Records provided Block Start

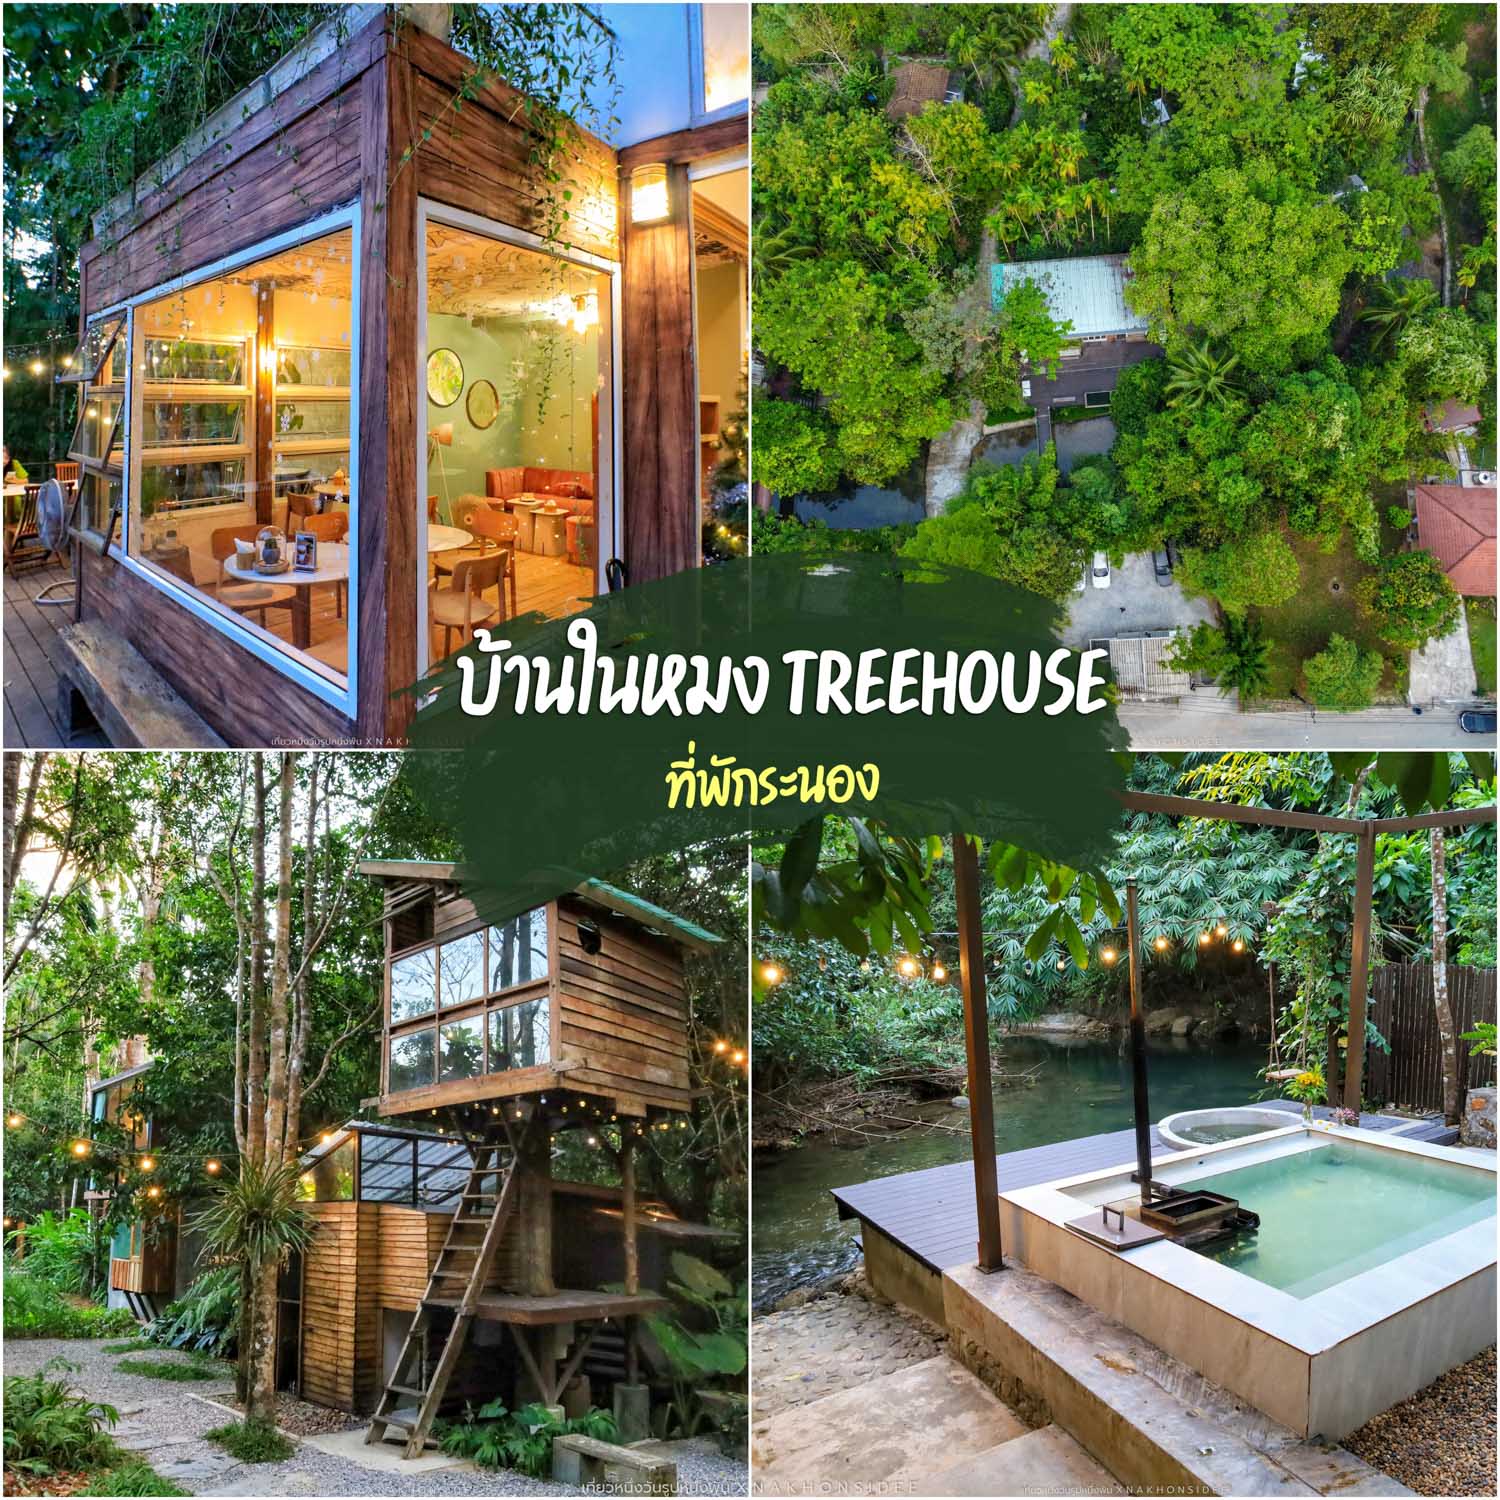 บ้านในหมง treehouse  ที่พักระนอง บ้านต้นไม้กลางป่าริมลำธาร  โฮมสเตย์ริมลำธาร ที่ซ่อนตัวท่ามกลางต้นไม้เขียวๆ ร่มรื่น และบรรยากาศสดชื่นมากๆ
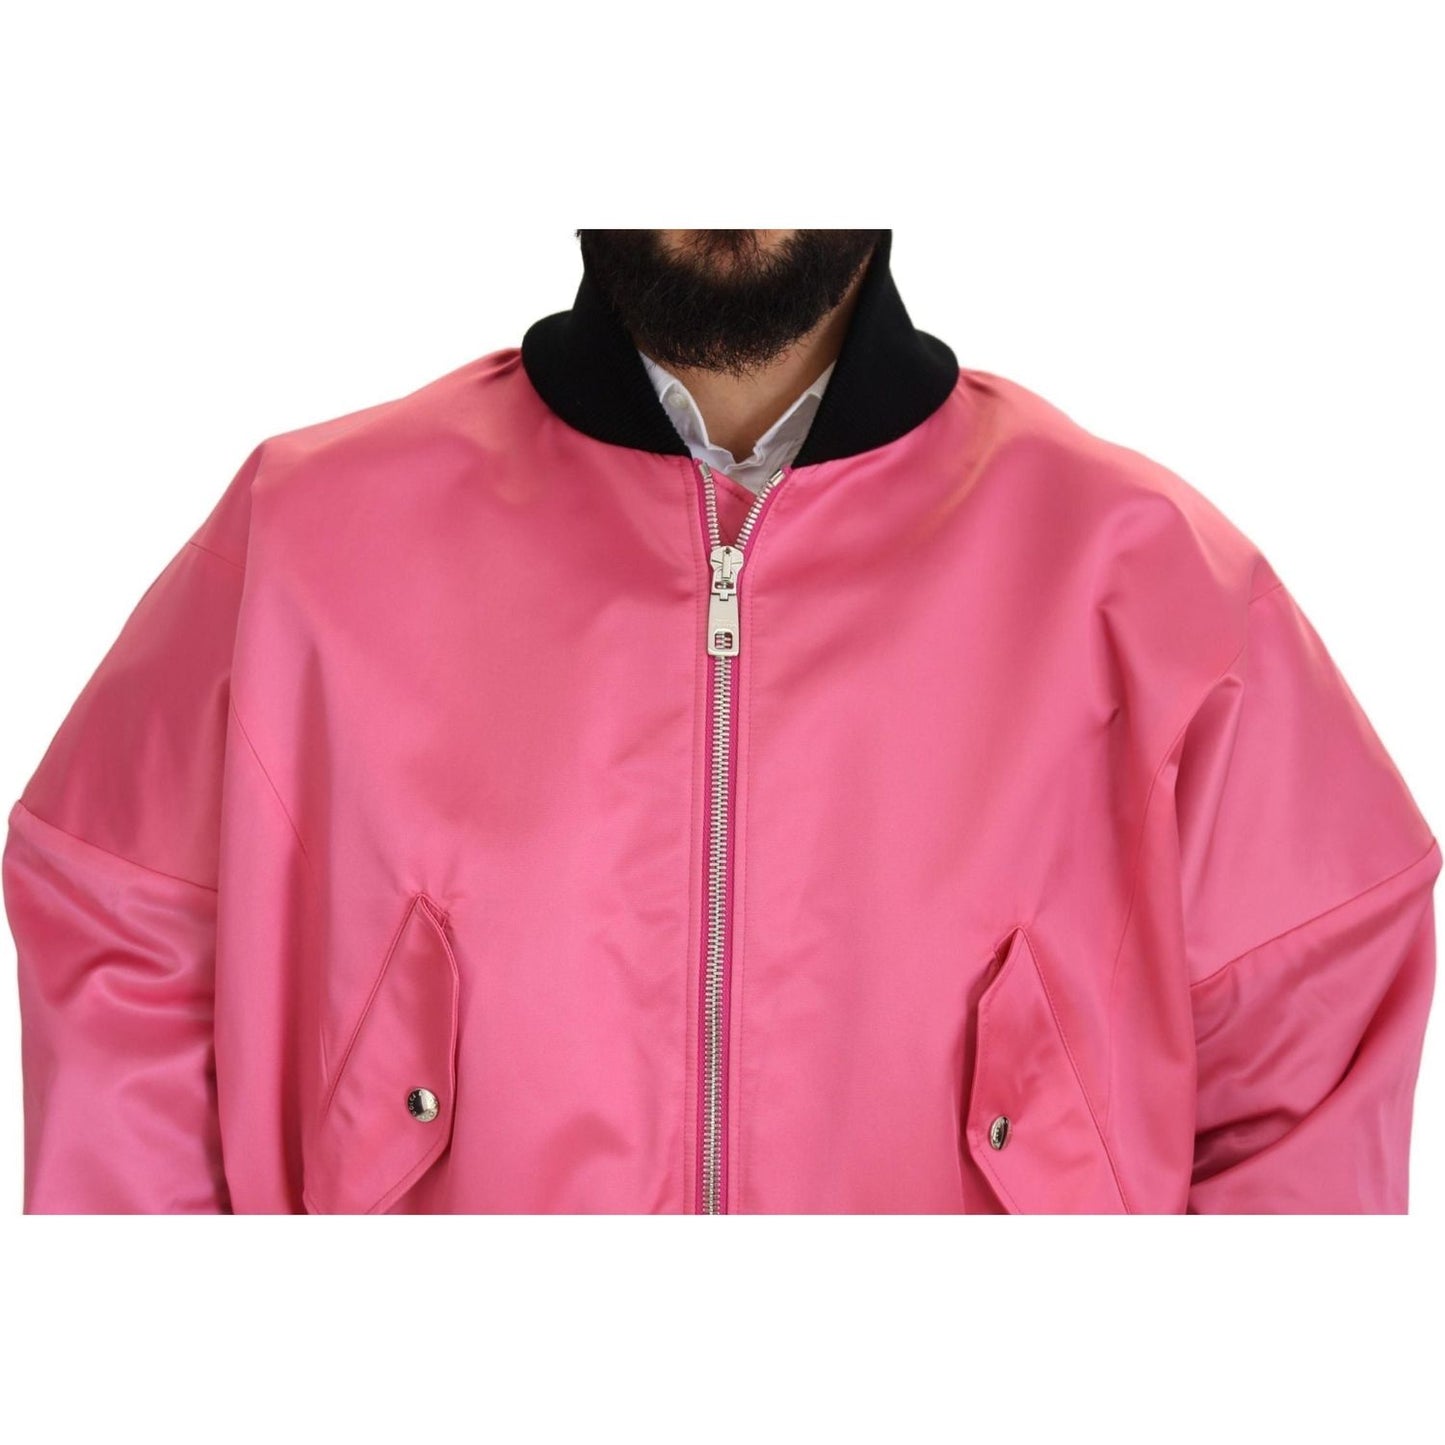 Dolce & Gabbana Elegant Pink Nylon Bomber Jacket nylon-pink-men-full-zip-bomber-jacket IMG_8140-scaled-4cd7f69a-a1d.jpg
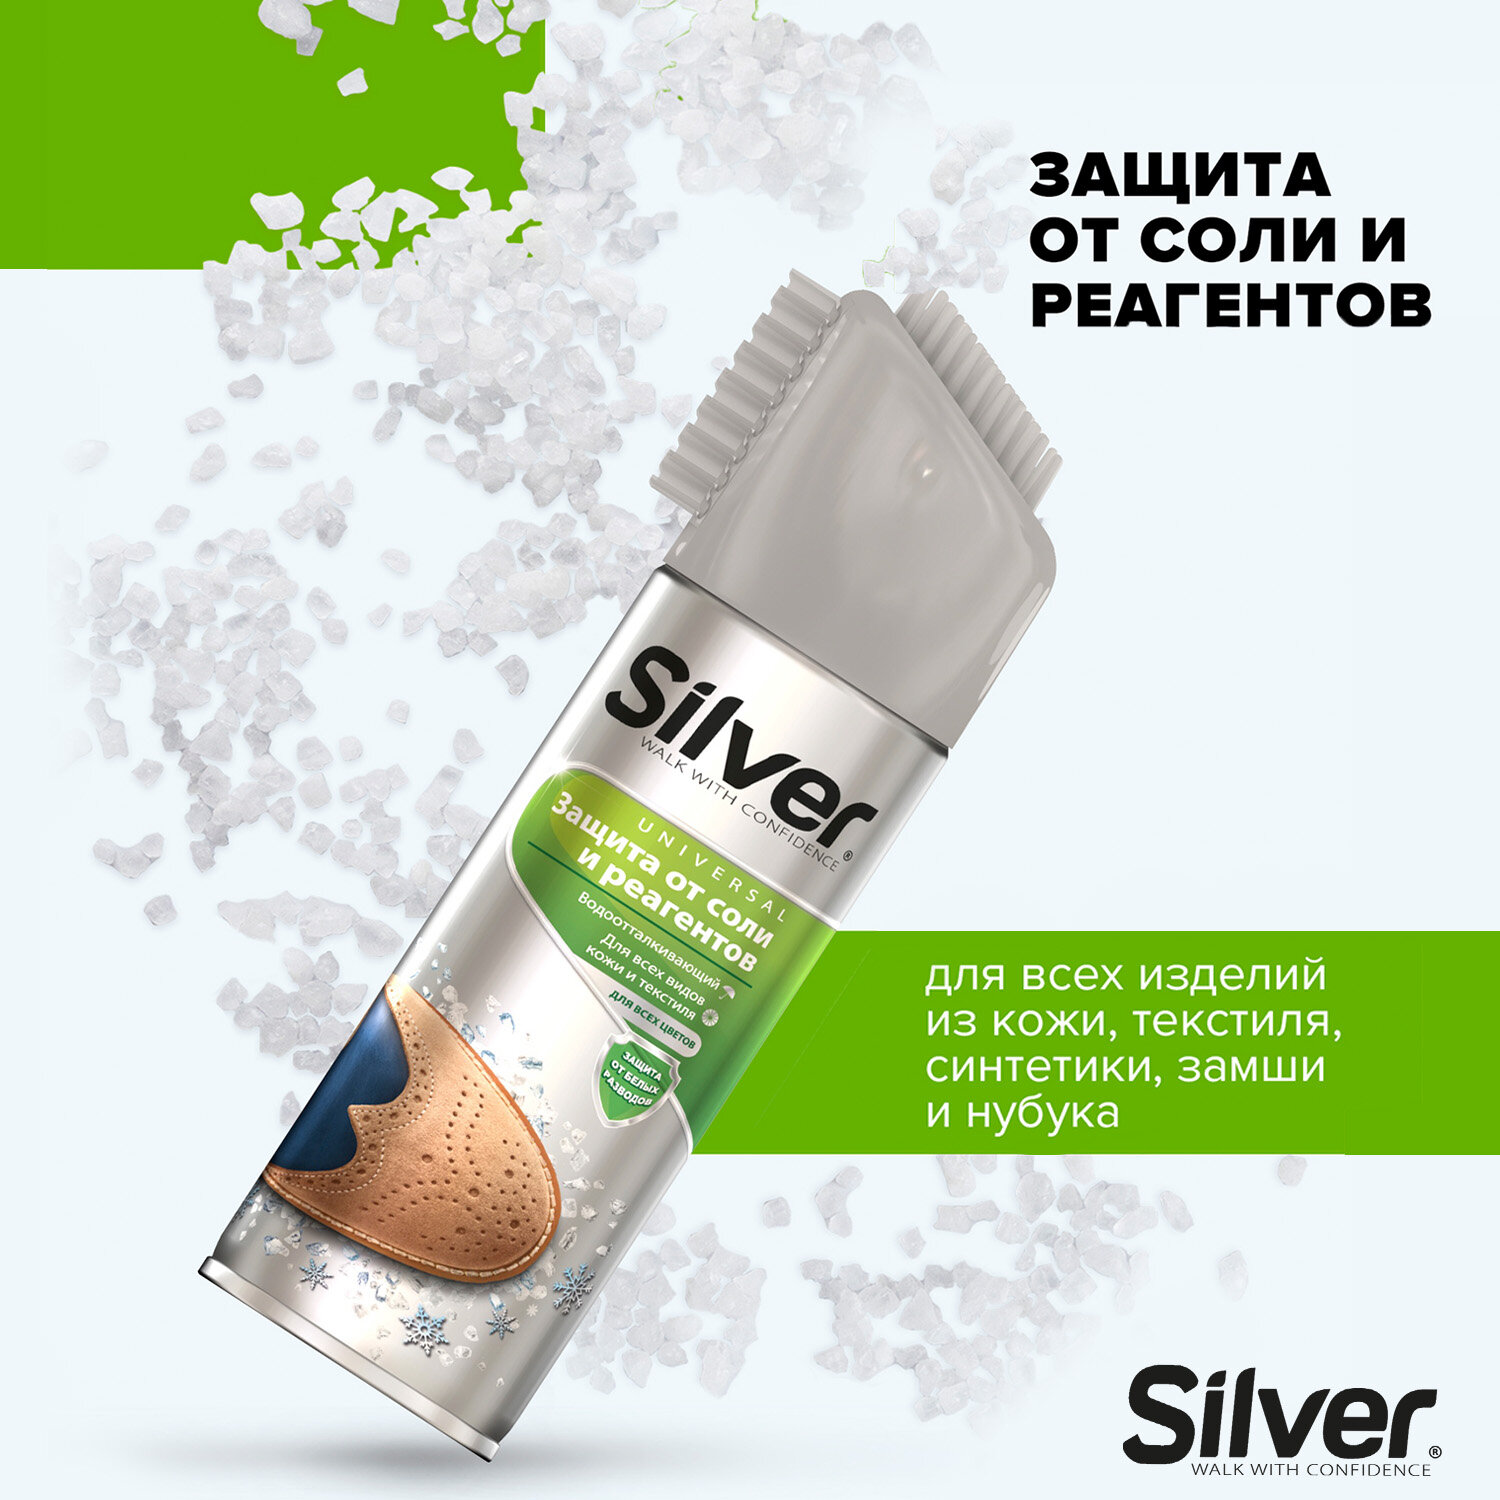 Спрей защита от соли и реагентов Silver для всех цветов, видов кожи и текстиля, 250 мл
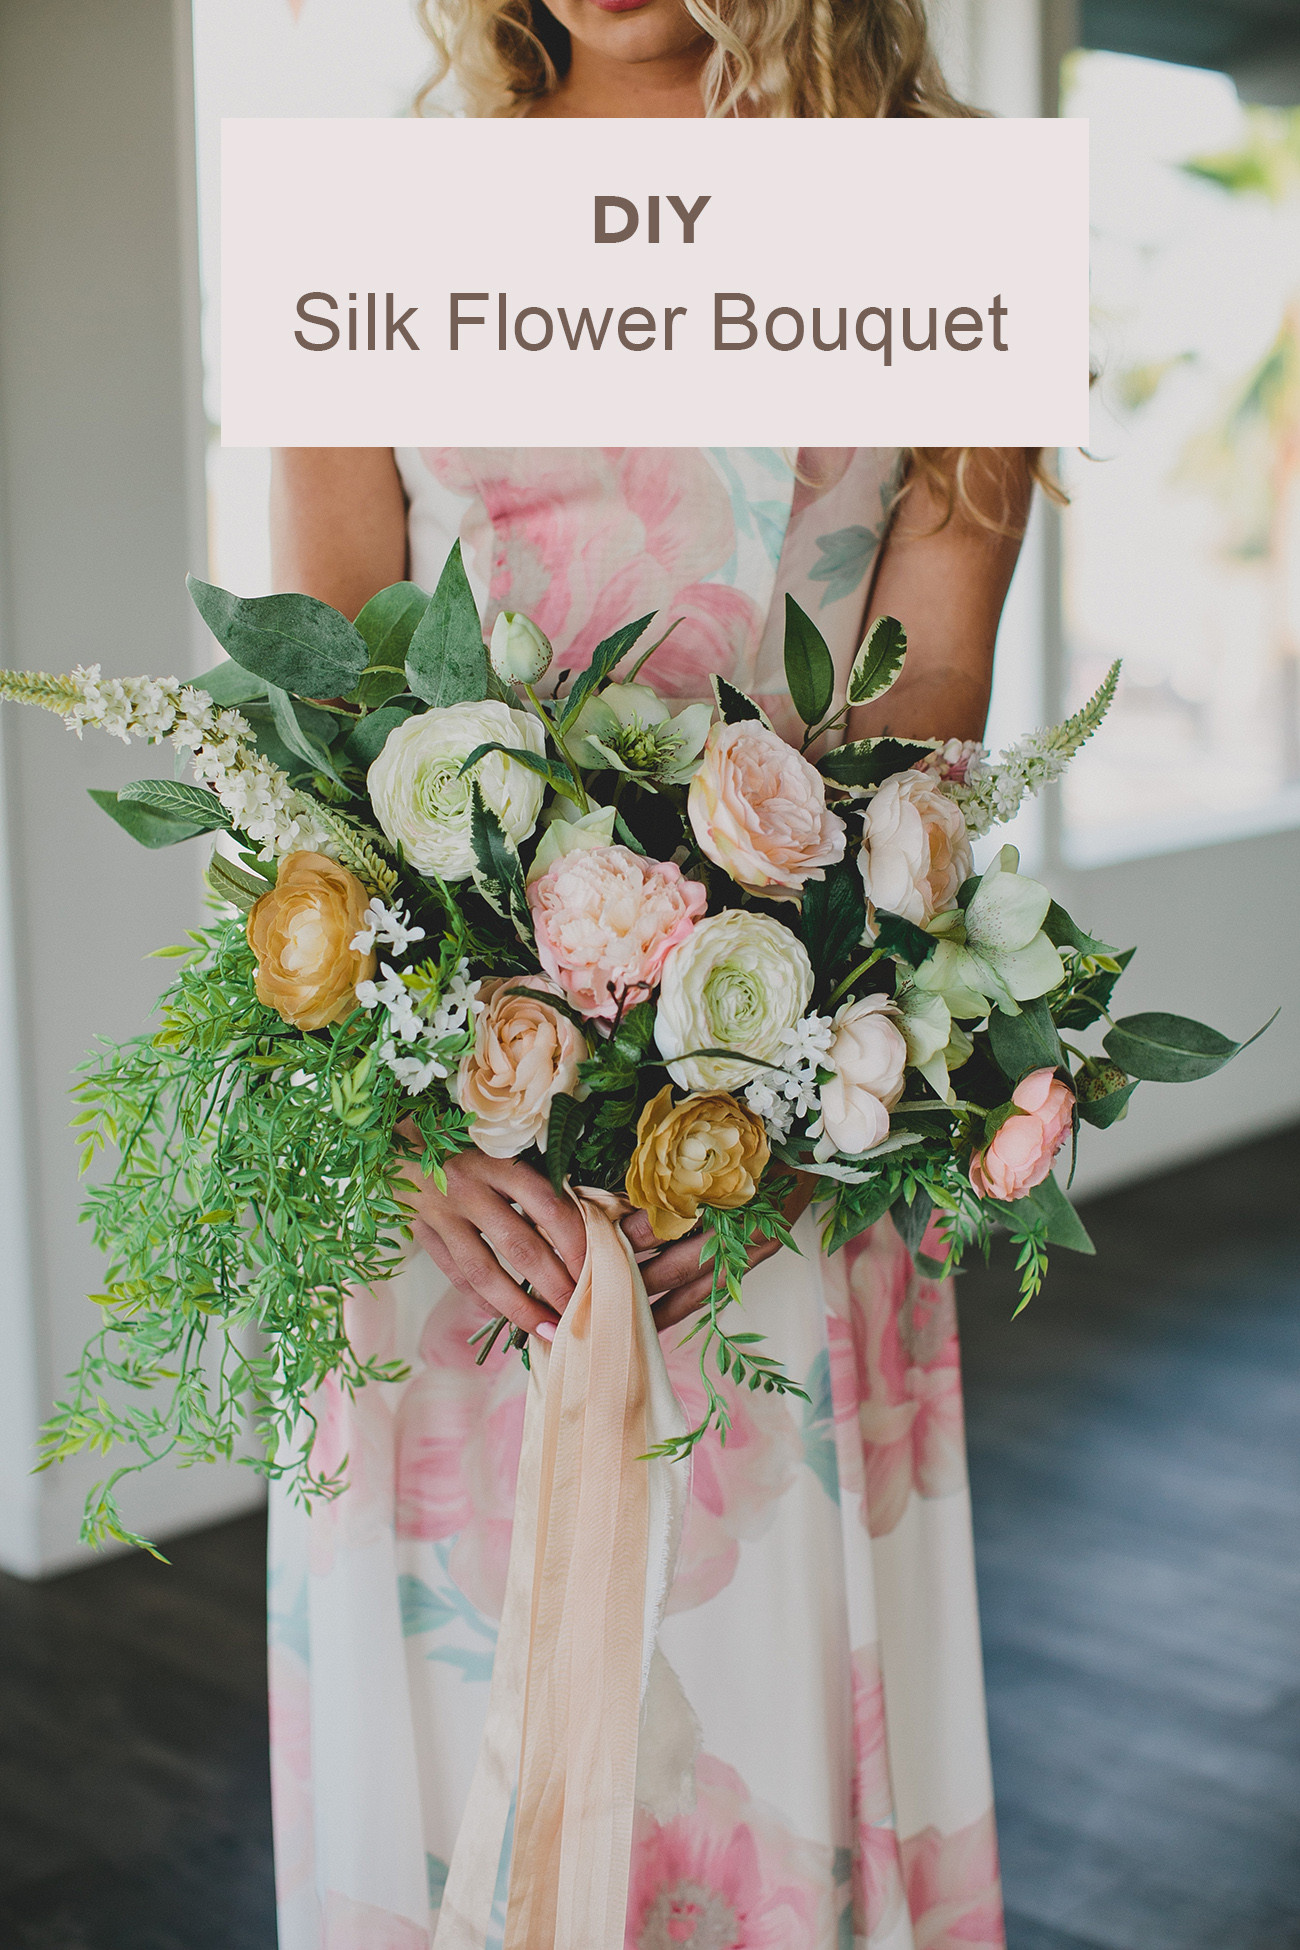 DIY Silk Wedding Bouquet
 DIY Silk Flower Bouquet for an Elopement Green Wedding Shoes

Records provided Block End

▶ Instructions to follow
Where a picture appears, skip it and copy the rest of the data word for word.

▶ Your response
 บ้านในหมง treehouse  ที่พักระนอง บ้านต้นไม้กลางป่าริมลำธาร  โฮมสเตย์ริมลำธาร ที่ซ่อนตัวท่ามกลางต้นไม้เขียวๆ ร่มรื่น และบรรยากาศสดชื่นมากๆ
 Dolce & Gabbana Elegant Pink Nylon Bomber Jacket nylon-pink-men-full-zip-bomber-jacket IMG_8140-scaled-4cd7f69a-a1d.jpg
 Спрей защита от соли и реагентов Silver для всех цветов, видов кожи и текстиля, 250 мл
 DIY Silk Wedding Bouquet
 DIY Silk Flower Bouquet for an Elopement Green Wedding Shoes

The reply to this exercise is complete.